Joint effort will bring riverbanks back to life

$177,000 grant to fund riparian buffer restoration on private land in Yamhill County, Ore.

By Brett Tallman

For the Capital Press

Published on February 2, 2017 10:07AM

Until last fall the banks of the North Yamhill River were overgrown with blackberries and reed-canary grass. This spring, the Yamhill Soil and Water Conservation District will plant nearly 60,000 native trees and shrubs.

Brett Tallman/For the Capital Press

Until last fall the banks of the North Yamhill River were overgrown with blackberries and reed-canary grass. This spring, the Yamhill Soil and Water Conservation District will plant nearly 60,000 native trees and shrubs.


CARLTON, Ore. — Until last fall, both banks of the North Yamhill River west of Carlton were a thicket of blackberries and reed canary grass. But thanks to an agreement between three area landowners and the Yamhill Soil and Water Conservation District, a 2.3-mile-long riparian buffer will be planted there this spring.

“It took some convincing,” Josh Togstad, a Riparian Specialist with YSWCD, said. “The landowners are losing some production. The buffer will be at least 50 feet from the top of the riverbank and up to 225 feet, depending on the meander of the river.”

The project is funded by a $177,000 grant from the Oregon Department of Agriculture. It’s part of a million-dollar set aside to help private landowners meet DEQ water-quality standards in what the ODA calls Strategic Implementation Areas.

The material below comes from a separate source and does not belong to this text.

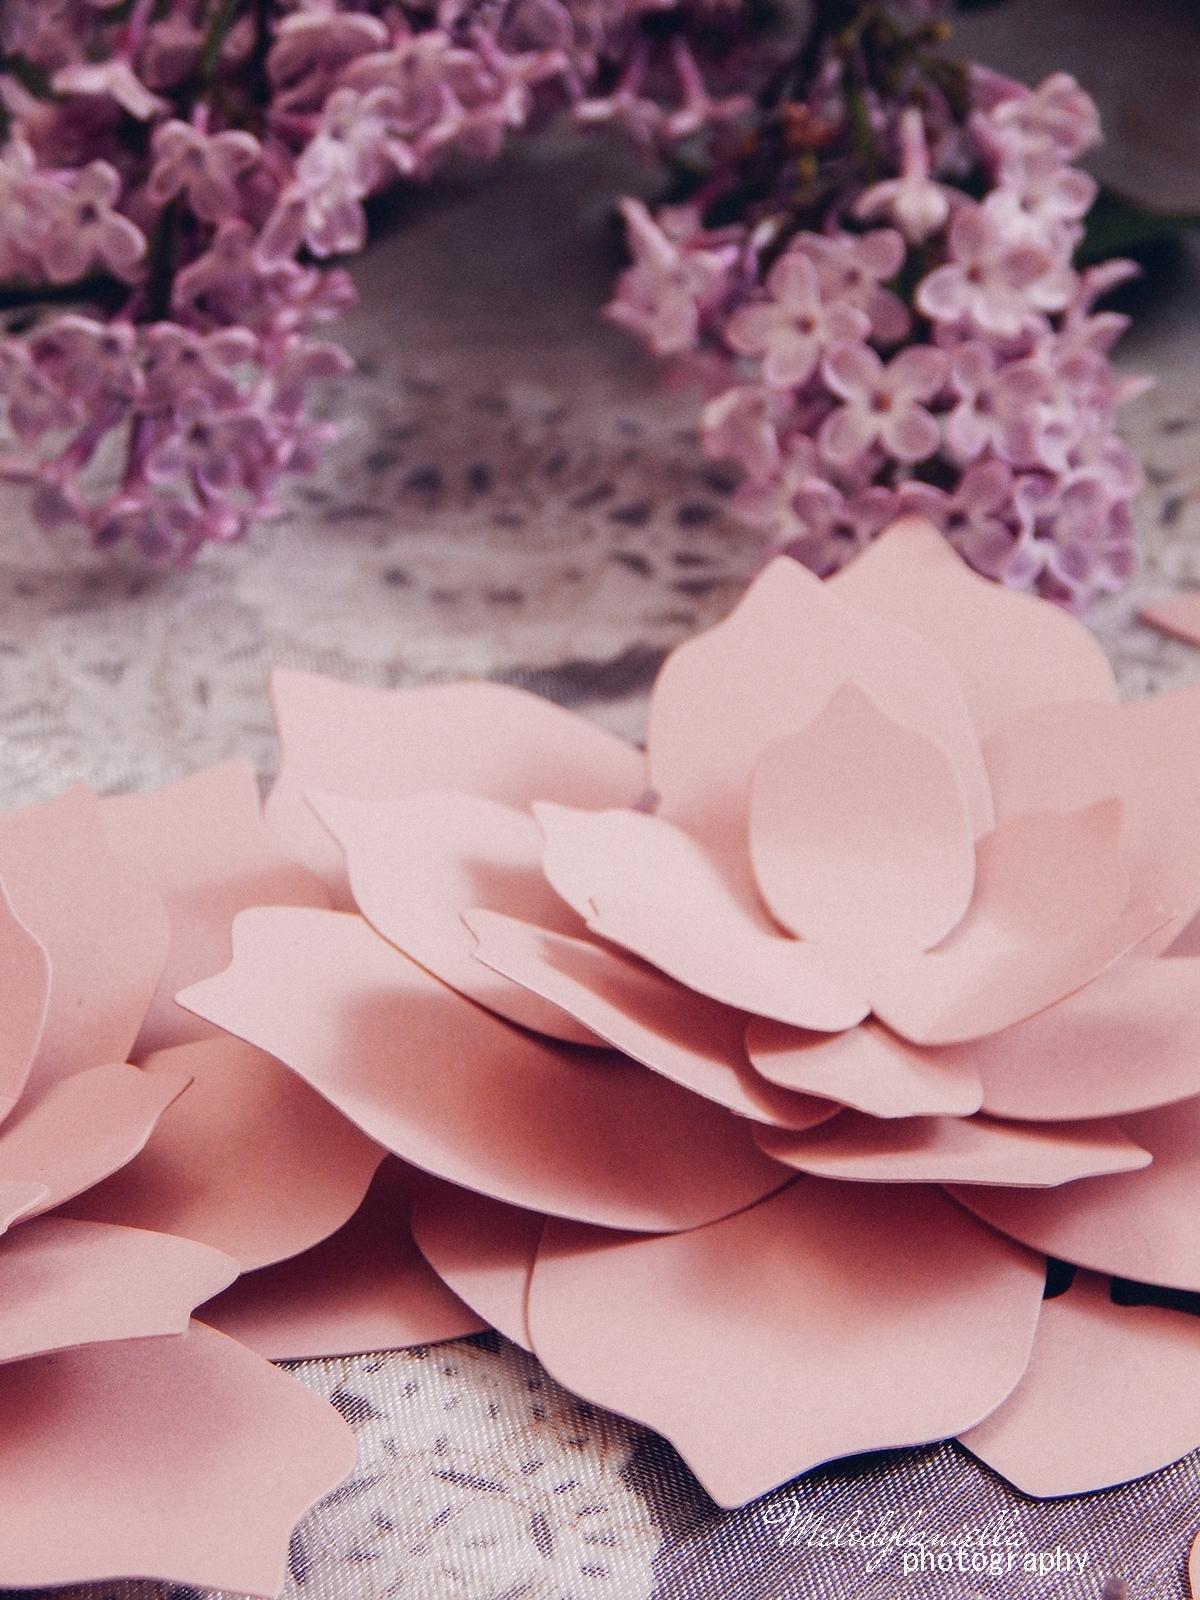 11 partybox.pl imprezu urodziny stroje dodatki na imprezę dekoracje nakrycia akcesoria imprezowe jak udekorować stół na dzień mamy pomysły na dzień matki papierowe kwiaty

All told, 33 acres belonging to the Sitton family, of Carlton, Kathy Magar, of Gaston, and a third landowner will be planted with 60,000 native plants and shrubs such as Oregon ash, red osier dogwood and big-leaf maple.

“We’ve done projects like this before,” Togstad said, “but the average is probably five acres. It’s the first project of this size in our area.”

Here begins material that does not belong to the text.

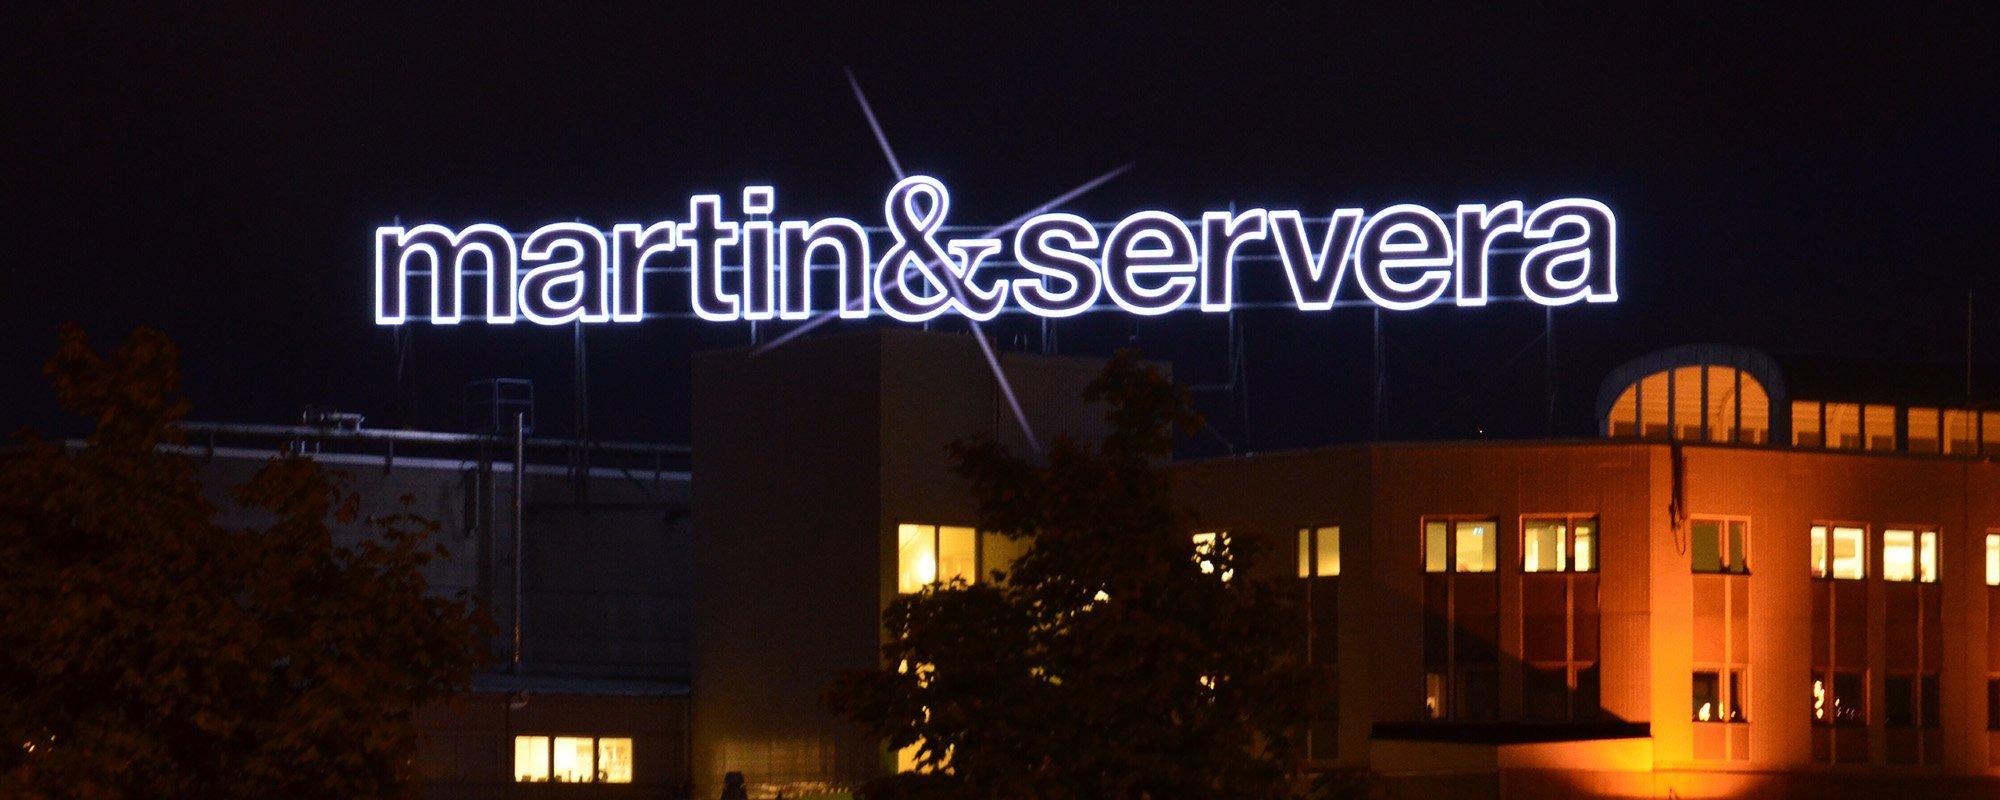 Martinservera takskylt av FocusNeo i Stockholm

Intact riparian buffers, Togstad said, are the last line of defense for clean water. They cool streams, stabilize banks, and filter runoff.

“A (100-foot buffer) filters something like 90 percent of phosphorus and 90 percent of nitrogen out of runoff,” Tog-stad said.

YSWCD will also plant perennial grasses on bare soil between shrubs and trees. Grasses not only prevent weeds from seeding in, but also filter sediment from surface runoff.

“After about five years, trees will be big enough that they won’t be killed by mice or smothered by weeds,” he said. “After 15 years, they’ll be tall enough to provide shade.”

Though shade is good for the river, it is often a source of concern for farmers.

“There was some worry it would throw shade on fields,” Togstad said, “so we’re tapering the buffer, with the tallest trees right along the stream.”

“The other concern was clogged tile lines,” he said. “Most of that land is tiled for drainage, so we’ll leave some open sections for tile lines, probably 10 to 15 feet wide.”

Once the buffer is planted this spring, YSWCD will maintain it for five years.

“After that,” Togstad said, “the established buffer won’t need much more than mowing and spot spraying.”

Though the maintenance agreement with YSWCD ends after five years, landowners also have a 10- to 15-year agreement with the FSA. Through their Conservation Reserve Enhancement Program, the FSA pays a one-time, $500-per-acre payment for enrolling, as well as an annual, per-acre payment for the duration of the contract.

“It’s pretty appealing,” landowner Lester Sitton said, “and it’s a good thing to be doing. I forget how many generations (of the Sitton family) have been farming here. Several, anyway. Thinking long term, we’d like to sustain several more. That’s what was done for us and that’s what we’d like to do here.”